Thiemo Seufer wrote:
Fabrice Bellard wrote:
I suggest adding a parameter to cpu_mips_init() telling the exact CPU model which is emulated. Optionnal features (such as the FPU) could be specified with an additionnal parameter.

Probably with an additional switch "emulate everything we know about",
which would be especially useful for usermode emulation where CPU
specifics don't matter that much.

Good points, but I don't know which is the best way to go ;) I think there are pros for both ways:

Pro "emulate everything we know about" or "one MIPS fits all": Compile your program with a -march option you want, load the binary (or now the ELF as well ;) ) into QEMU and (if QEMU has support for the selected architecture) it will run. Without the user to select any special configuration on the command line (or tweaking inside QEMUs source code). It will run correctly without the user even to think about any special QEMU configuration. This was what I assumed before investigating why my code with a special -march option didn't work.
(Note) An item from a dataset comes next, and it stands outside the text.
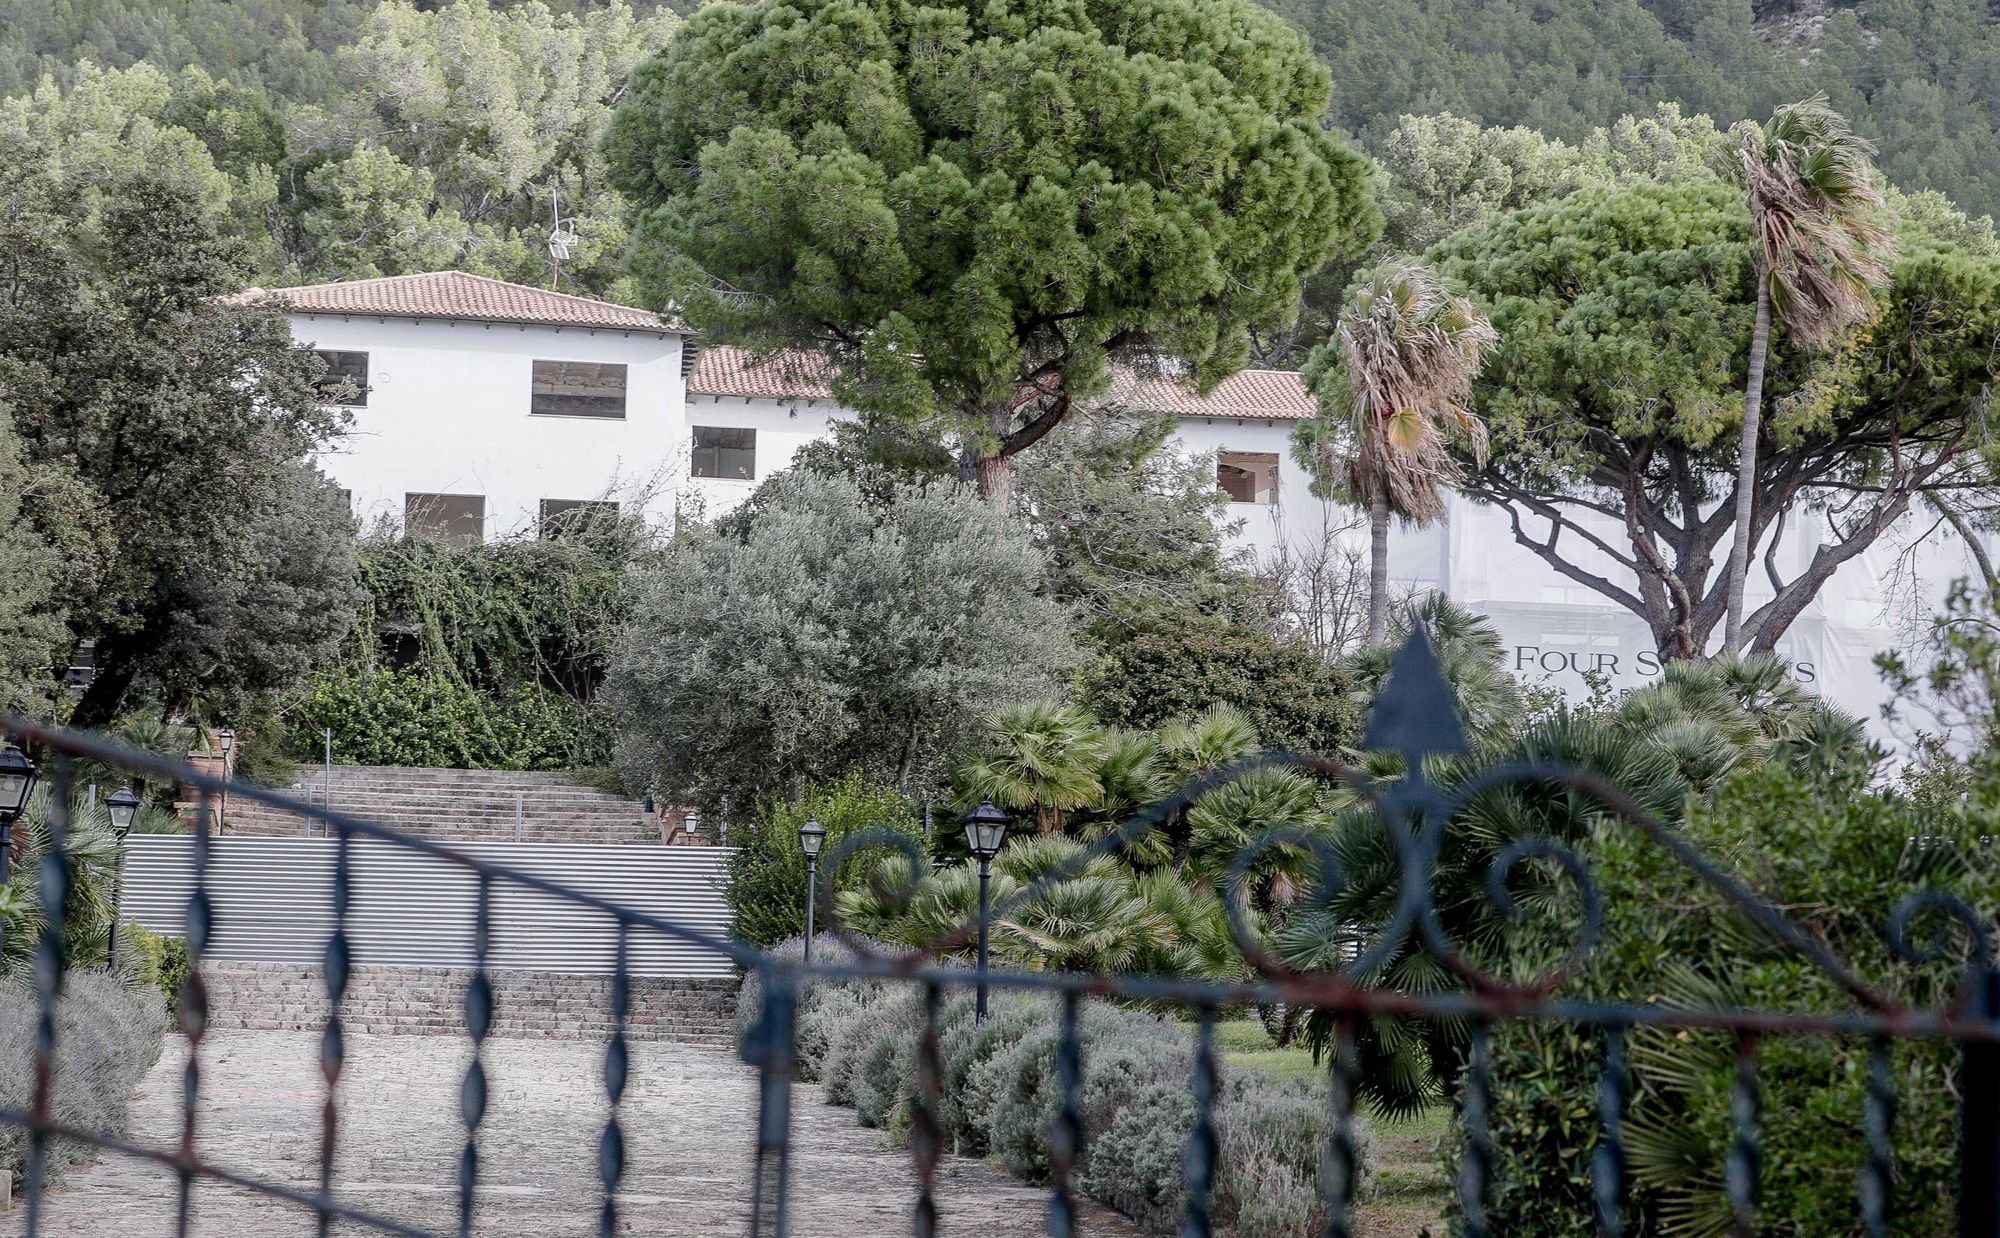 Vom Hotel Formentor auf Mallorca bleibt bei der Sanierung nur noch die Fassade übrig

Pro "additional parameter": FPU is a good example for this. If the processor I want to emulate has no FPU I would assume if my code uses (accidently?) FPU instructions I get exception/error/warning from QEMU. It confused me that QEMU (wrongly) executes my program with unsupported instructions (architecture) without any warning.
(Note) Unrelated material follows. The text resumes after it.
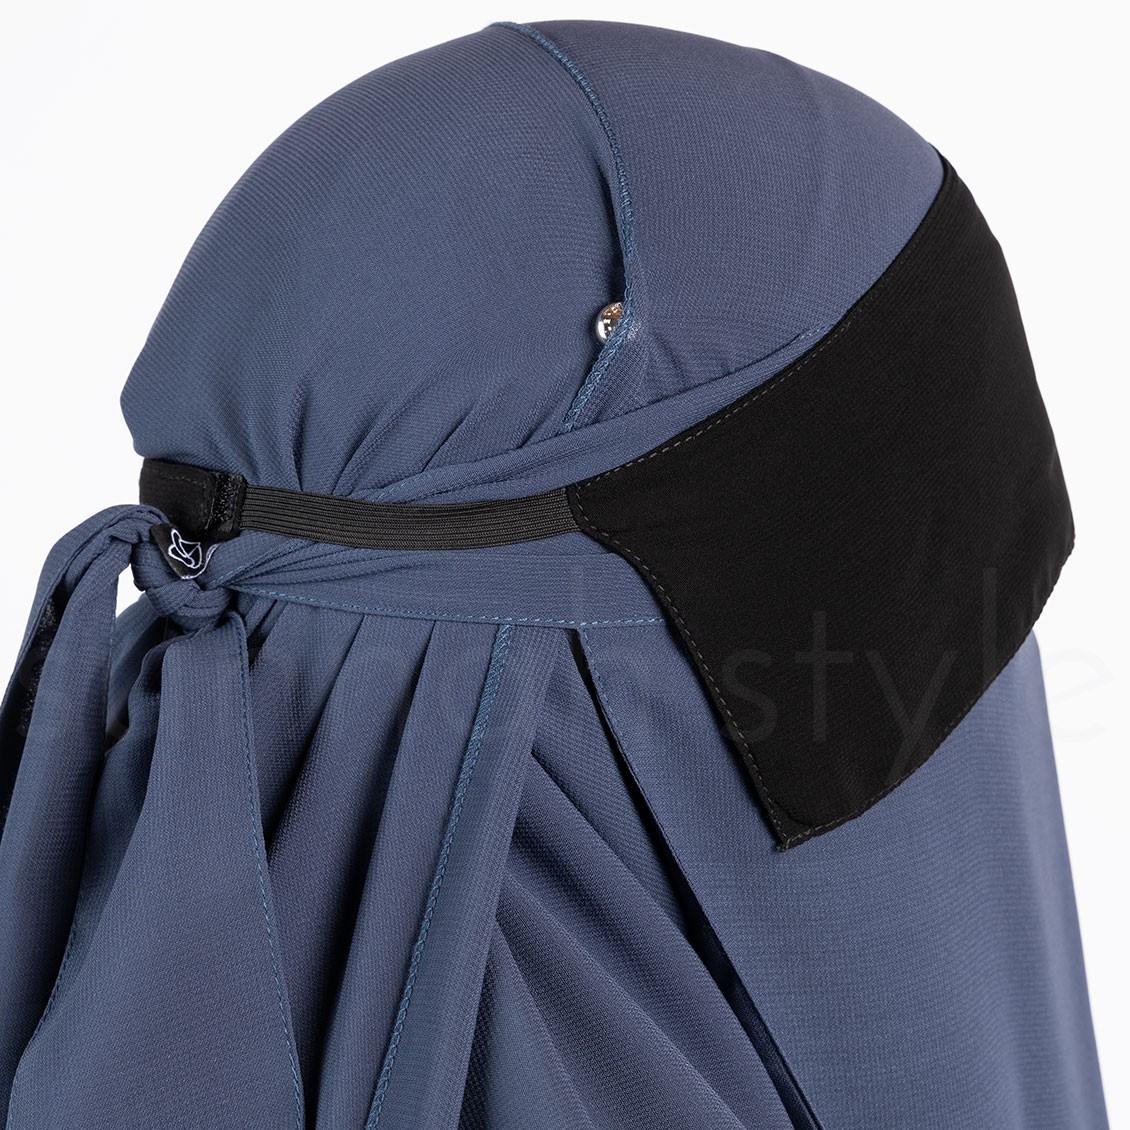 Sunnah Style Adjustable Niqab Flap Black

"one MIPS fits all" is a user friendly and QEMU easy to use option, while "additional parameter" is the option for emulation accuracy.

I'm not an ELF expert: Does ELF contain information about architecture compiled for? If yes, we can combine both ways above? Load ELF file, read architecture from it and let QEMU autoselect correct architecture features (or give error if not supported). Then we have emulation accuracy but don't need additional options.